-1

I have a .txt dataset like this:

user_000044 2009-04-24  13:47:07    Spandau Ballet  Through The Barricades 

I have to read the last two colums, Spandau Ballet as unique and Through the Barricades as unique. How can I do this?

In need to create two array, artists =[] and tracks = [] in which I put data in a loop, but I can't define the portion of text in a line.

Someone can help me?

RobJan
  • 1,351
  • 1
  • 14
  • 18
Jessica Martini
  • 253
  • 2
  • 3
  • 11
  • 1
    Apparently your fields are separated by tabs--you should state that, since those tabs cannot be seen. Are there many rows, with the same format as the one you show? What do you mean by "read... as unique"? You say you "put data in a loop"--please show your code attempt. – Rory Daulton Jul 19 '18 at 20:24
  • 2
    This is a TSV—tab-separated values—file, which is just a CSV (comma-separated values) with tabs instead of commas as the delimiters. You can use the stdlib's `csv` module to read these, or third-party libraries (including NumPy and Pandas), or (if you know there are never any tab characters or quotes or escapes within the fields) just call `line.split('\t')` on each line. – abarnert Jul 19 '18 at 20:26
  • The stackoverflow site is mostly concerned with helping people correct their code. Since there's no code in the question it will likely be closed. To re-open it, have a try at implementing the suggestions in the comment. Alternatively, ask another question with the code in it. Good luck! – holdenweb Jul 20 '18 at 05:37

3 Answers3

1

If the columns in your file are separated by tabulations, you can use np.loadtxt (NumPy function) following

artists, tracks = np.loadtxt("myfile.txt", delimiter = "\t", dtype = str, usecols = [ 3, 4 ], unpack = True)

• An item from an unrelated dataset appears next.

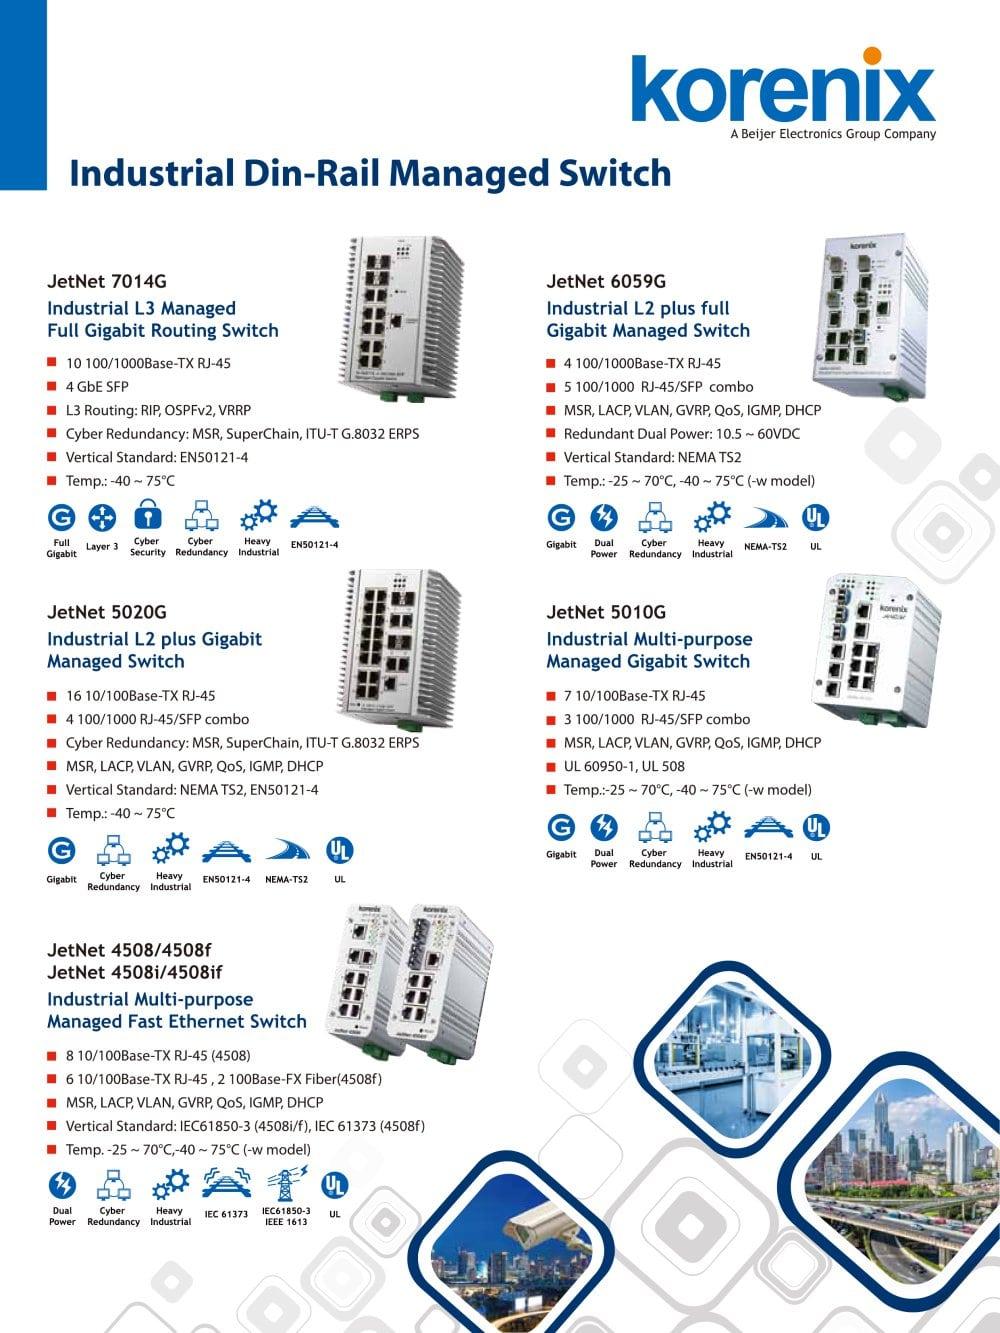 korenix industrial ethernet switch one page flyer korenix

This will output a NumPy array. Optionally, you can convert these arrays into conventional Python lists of strings following

artists = [ str(s) for s in artists ]
tracks = [ str(s) for s in tracks ]
Kefeng91
  • 802
  • 6
  • 10
0

An option using python and no third-party packages:

data = open('dataset.txt', 'r').readlines()

artists = []
tracks = []

for line in data:
    artist, track = line.split(' '*2)[-2::]
    artists.append(artist.strip())
    tracks.append(track.strip())

print artists
print tracks

output:

['Spandau Ballet']
['Through The Barricades']

[-2::] gets the last 2 columns in each line, adjust to get other columns if needed.

0

You are probably better off with using the pandas-module to load the content of the .txt into a pandas DataFrame and proceed from there. If you're unfamiliar with it...a DataFrame is as close to an Excelsheet as it can get with Python. pandas will handle reading the lines for you so you don't have to write your own loop.

Assuming your textfile is four column, tab-separated, this would look like:

# IPython for demo:
import pandas as pd

df = pd.read_csv('ballet.txt', sep='\t', header=None, names=['artists', 'tracks'], usecols=[2, 3])
# usecols here limits the Dataframe to only consist the 3rd and 4th column of your .txt

Your DataFrame then could look like:

df
# Out: 
          artists                  tracks
0  Spandau Ballet  Through The Barricades
1   Berlin Ballet               Swan Lake

Access single columns by column names:

df.artists  # or by their index e.g. df.iloc[:, 0]
# Out: 
0    Spandau Ballet
1     Berlin Ballet
Name: 2, dtype: object

You can still put the data into an array at this point, but I can't think of a reason you really wanna do this if you're aware of the alternatives.

Darkonaut
  • 20,186
  • 7
  • 54
  • 65